Marcus (1989) is a strong advocate of the Otomangue hypothesis. Marcus (1989:148-151) believes that the Olmec spoke an Otomanguean language and also practiced the Proto-Otomangue religion.

The hypothesis that the Olmec spoke an Otomanguean language is not supported by the contemporary spatial distribution of languages spoken in the Tabsco/Veracruz area. Thomas A. Lee (1989:223) noted that "...closely Mixe, Zoque and Popoluca languages are spoken in numerous village in a mixed manner having little or no apparent semblance of linguistic or spatial unity. The general assumption, made by the few investigators who have considered the situation, is that the modern linguistic pattern is a result of the disruption of an old homogeneous language group by more powerful neighbors or invaders..."

The Olmec probably spoke a Manding language. Manding speaking Olmec probably came from West Africa. As a result, we find that the Olmec-Manding language is a substrata language in many Amerindian languages including Yucatec, and Otomi. The Olmec-Manding substrata in Otomi and Maya suggest that Maya and Otomanguean speaking invanders caused the disruption of the homogeneous Olmec language spoken in the riverine cities of the Olmec.
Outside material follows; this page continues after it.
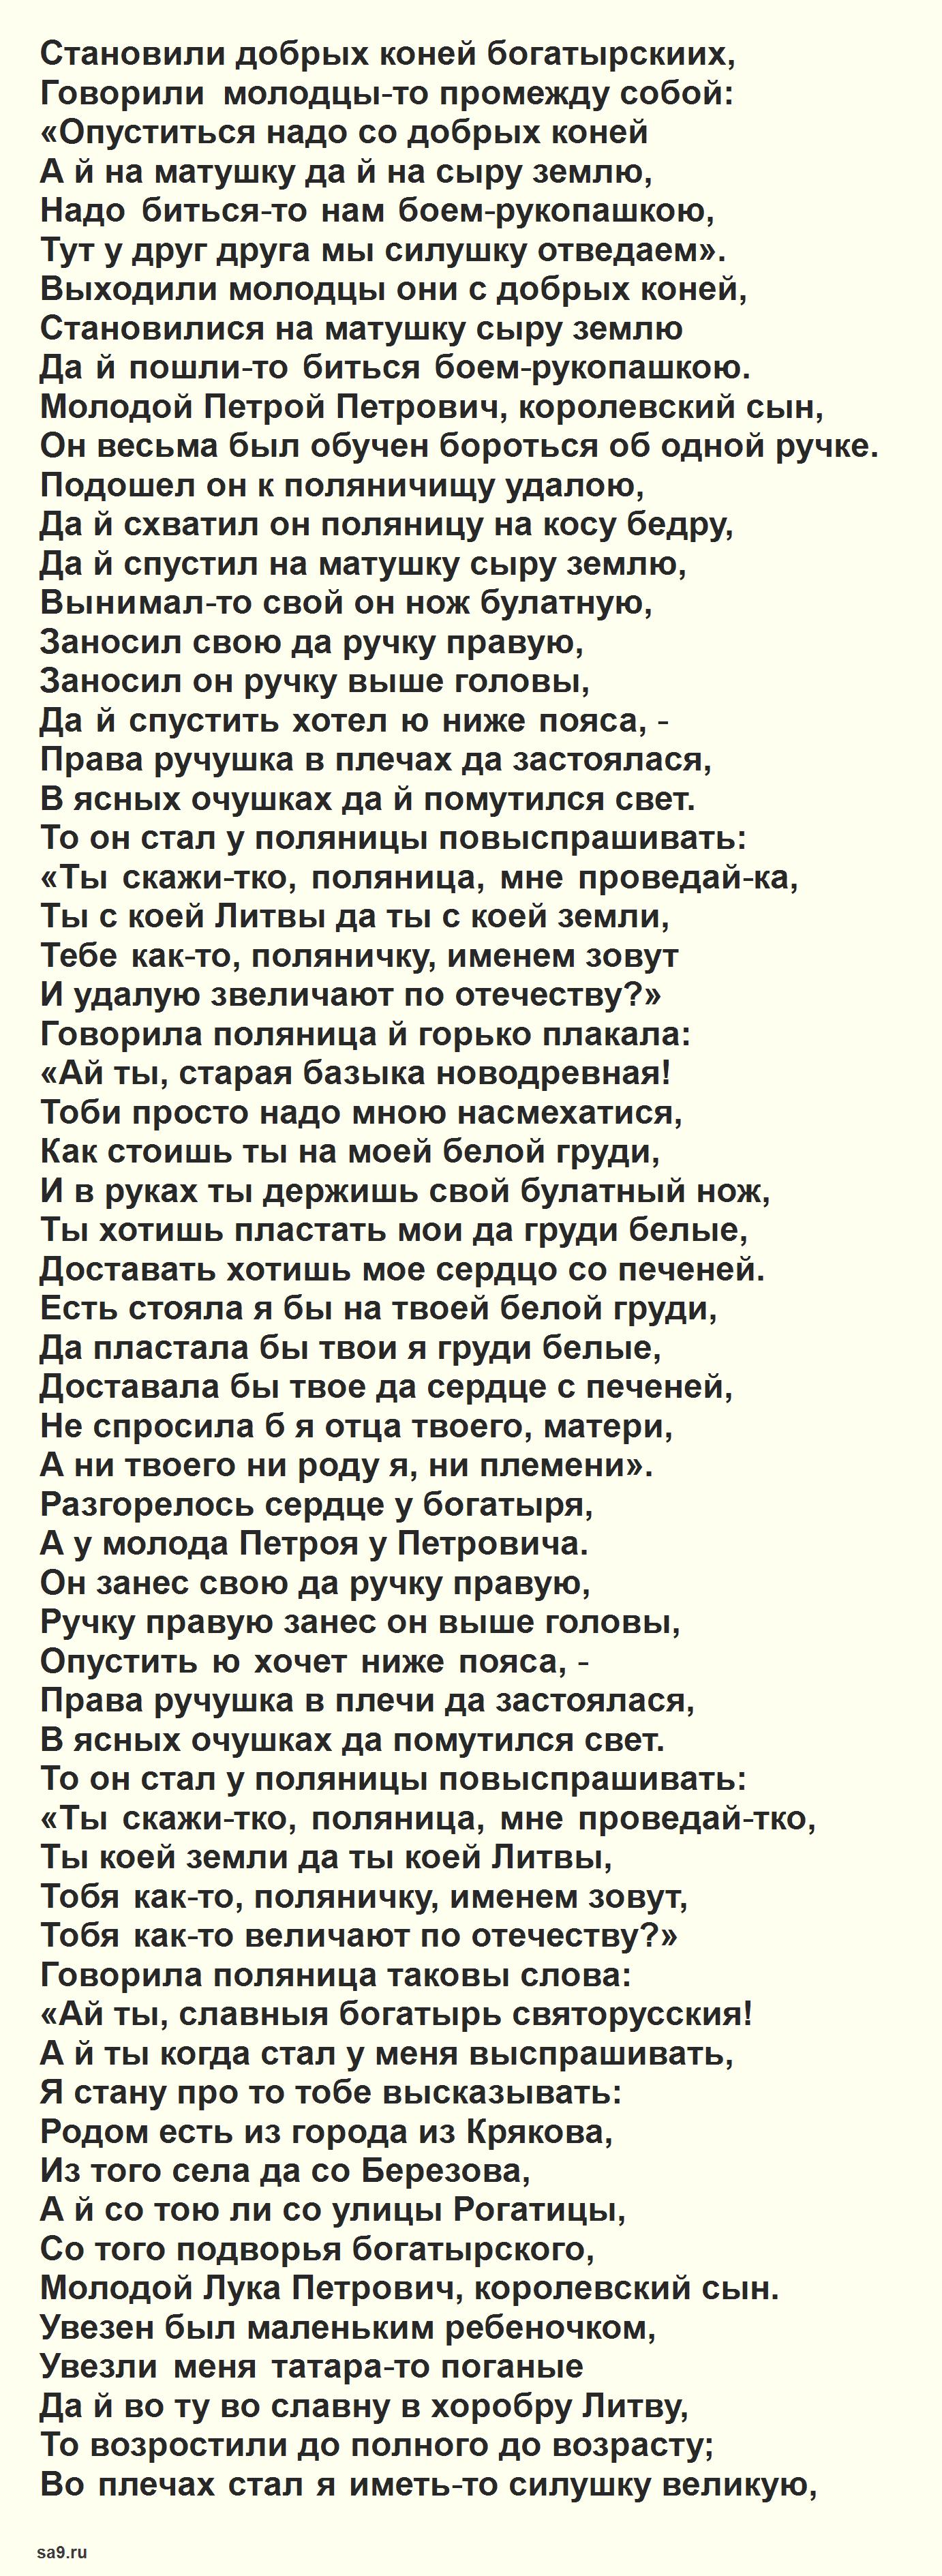 Читать былину - Королевичи из Крякова, полностью

The most influential group in the rise of American civilization were the Manding speakers of West Africa. The Manding speaking people founded the first civilizations in much of West Africa 3500 years ago. They also founded the Olmec civilization in the New World and left numerous toponyms in Mexico and Panama.

The migration of Olmec speaking people from West Africa to Meso-America would explain the sudden appearence of the Olmec civilization . The Olmec culture appears suddenly in Meso-America, and archaeologist have failed to find any evidence of incipient Olmec religion and culture in this area. Commenting on this archaeological state of affairs Coe (1989:82) noted that "... the Olmec mental system , the Olmec art style, and Olmec engineering ability suddenly appeared in full-fledged form about 1200 B.C."

The Proto Olmec or Manding people formerly lived in North Africa in the Saharan Highlands : and Fezzan.(see C. A. Winters, "The Migration routes of the Proto Mande", The Mankind Quarterly 27(1), (1986) pp.77 98) . Here the ancestors of the Olmecs left their oldest inscription written in the Manding script (which some people call Libyco Berber, eventhough they can not be read in Berber) : was found at Oued Mertoutek and dated by Wulsin in , Papers of the peabody Museum of American Arcaheology and Ethnology (Vol.19(1), 1940), to 3000 B.C. This indicates that the Manding hand writing 2000 years before they settled the Gulf of Mexico.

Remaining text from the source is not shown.